Survey responses with the most agreement across raters. (A) Percentage responses of the top 25 responses in terms of percentage agreement. The vertical number in parentheses next to the response term corresponds to the total number of respondents for that particular image. Each network image is associated with a single bar. Sample images with the largest amount of agreement for (B) the “somato network” (96.97%, n = 99), (C) the “visual network” (92.08%, n = 101), and (D) the “default network” (92.93%, n = 99).

Figure 2.

Survey responses with the least agreement across raters. (A) Percentage responses of the bottom 25 responses in terms of percentage agreement. The vertical number in parentheses next to the response term corresponds to the total number of respondents for that particular image. Each network image is associated with a single bar. Sample images with the least amount of agreement. (B) Sample image 13 received a label of “other” (16.67%, n = 66). (C) Sample image 12 received a label of “default mode network” (20.63%, n = 63). (D) Sample image 88 received a label of “salience network” (22.45%, n = 49).

Figure 3.

Default network hierarchies. Two subsystems of the default network (default ‘mode’ network, DMN) are identified in the group sICA with model order = 15: an anterior (dorsomedial prefrontal) subsystem and a medial temporal lobe subsystem. Hierarchical clustering shows they cluster together at the second level of the tree. Although these two systems are related, they are also strongly connected with other networks, for example, anterior default network is linked with the inferior frontal-opercular system (#12; also referred to as the salience network); medial temporal lobe default subsystem is linked with a left fronto-parietal control network (#5; also referred to as the central executive network).
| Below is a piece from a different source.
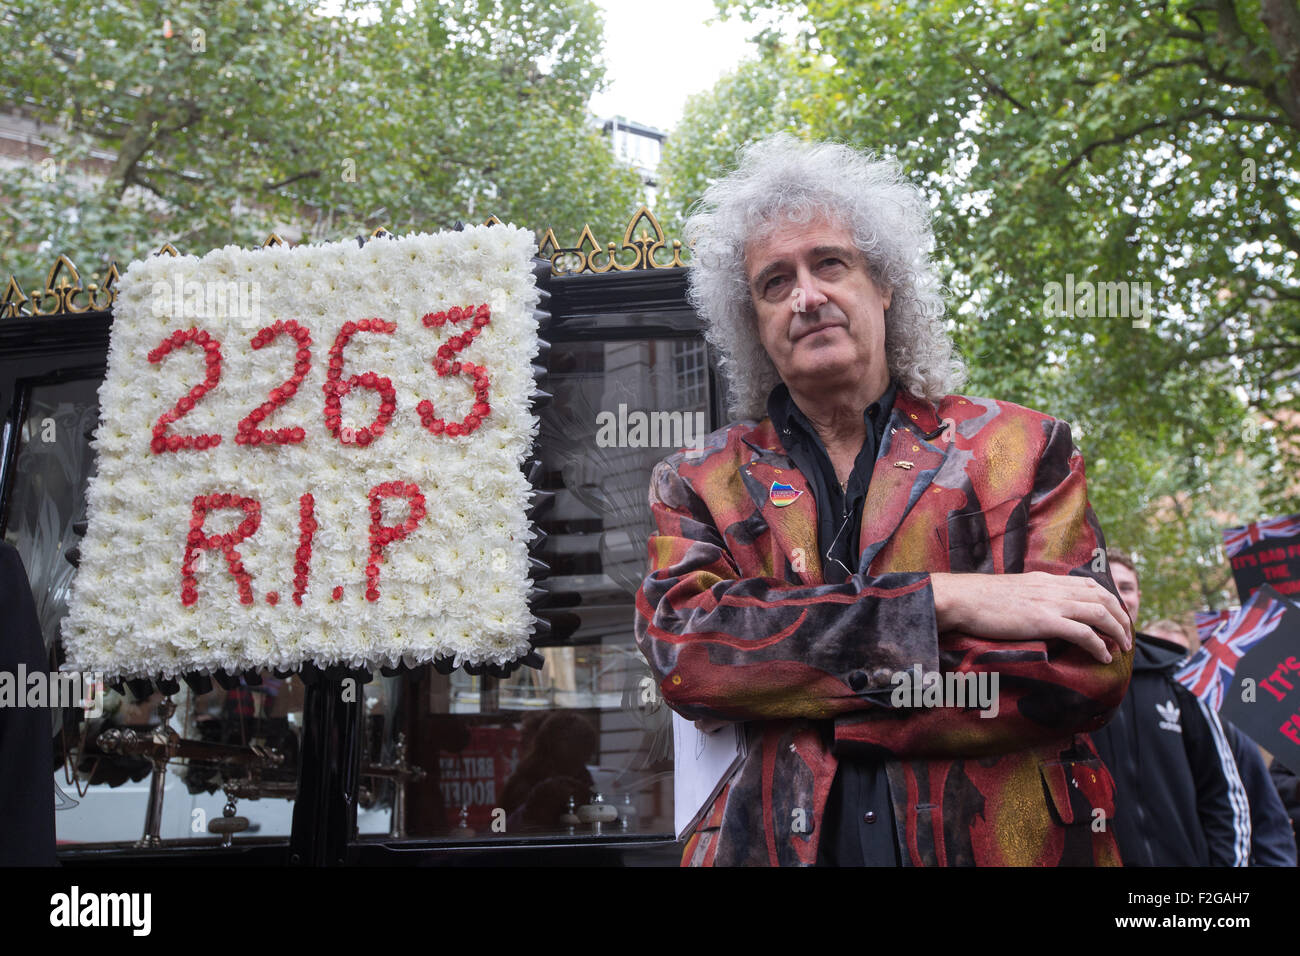 Brian May, guitariste avec le groupe de rock Queen,mène une manifestation contre l'abattage.2263 blaireau blaireaux ont été abattus Banque D'Images

Although both components are likely part of an extended default network, there is no clarity for a “superordinate” system that best exemplifies the default network. Component 2 may be recognized as the more canonical network as the focus of subsequent analyses, with Component 10 discarded. This example highlights the need for a network taxonomy that addresses subnetworks at multiple spatial scales.

Figure 4.

Default network fractionation. At model order = 15, the default network (DMN) is fractionated into two subnetworks: anterior and medial temporal lobe. These two subnetworks are stable across model order = 25, but the anterior default network (aDMN) fractionates into two further subdivisions, a dorsomedial prefrontal component and a ventromedial prefrontal component, which are stable at model order = 100. The medial temporal lobe default network (mtlDMN) fractionates at model order = 100 into two components, which is best characterized by a neuroanatomical dissociation in medial parietal cortex, with a precuneus mtlDMN subnetwork and a posterior cingulate cortex mtlDMN subnetwork. Further fractionation is observable at higher model orders (200–300, not shown). Depending on model order, several components could plausibly comprise the default network. The reliable application of labels to these subnetworks is inconsistent throughout the literature with no guiding taxonomy.

Figure 5.

Forms of interindividual variation in functional neuroanatomy and large-scale brain network topography. (A) Task-responsive cortical areas, which comprise large-scale brain networks, vary in their spatial location across individuals. (B) Similar network components are present across individuals, but differ in magnitude of associations. (C) Large-scale brain networks differ between people in size and position. (D) Whole-brain functional connectivity, resulting from small differences in seed placement, can reveal dramatically different network topographies between people (Laumann et al., 2015). Adapted figure panels A from Stevens et al. (2015), B–C from Gordon and Nelson (2021), with permission.

Figure 6.

Cortical and subcortical elements of the default network. Anatomical locations of the default network (red) in lateral and medial cortex (top), basal ganglia, thalamus, and medial temporal lobe (bottom left), and cerebellum (bottom right).

Figure 7.

Ten representative group-level functional brain network atlases. In this example, Yeo’s 17-network atlas serves as the reference atlas, and all other atlases are projected to the same space to compute overlap with the reference network (from Kong et al., 2022).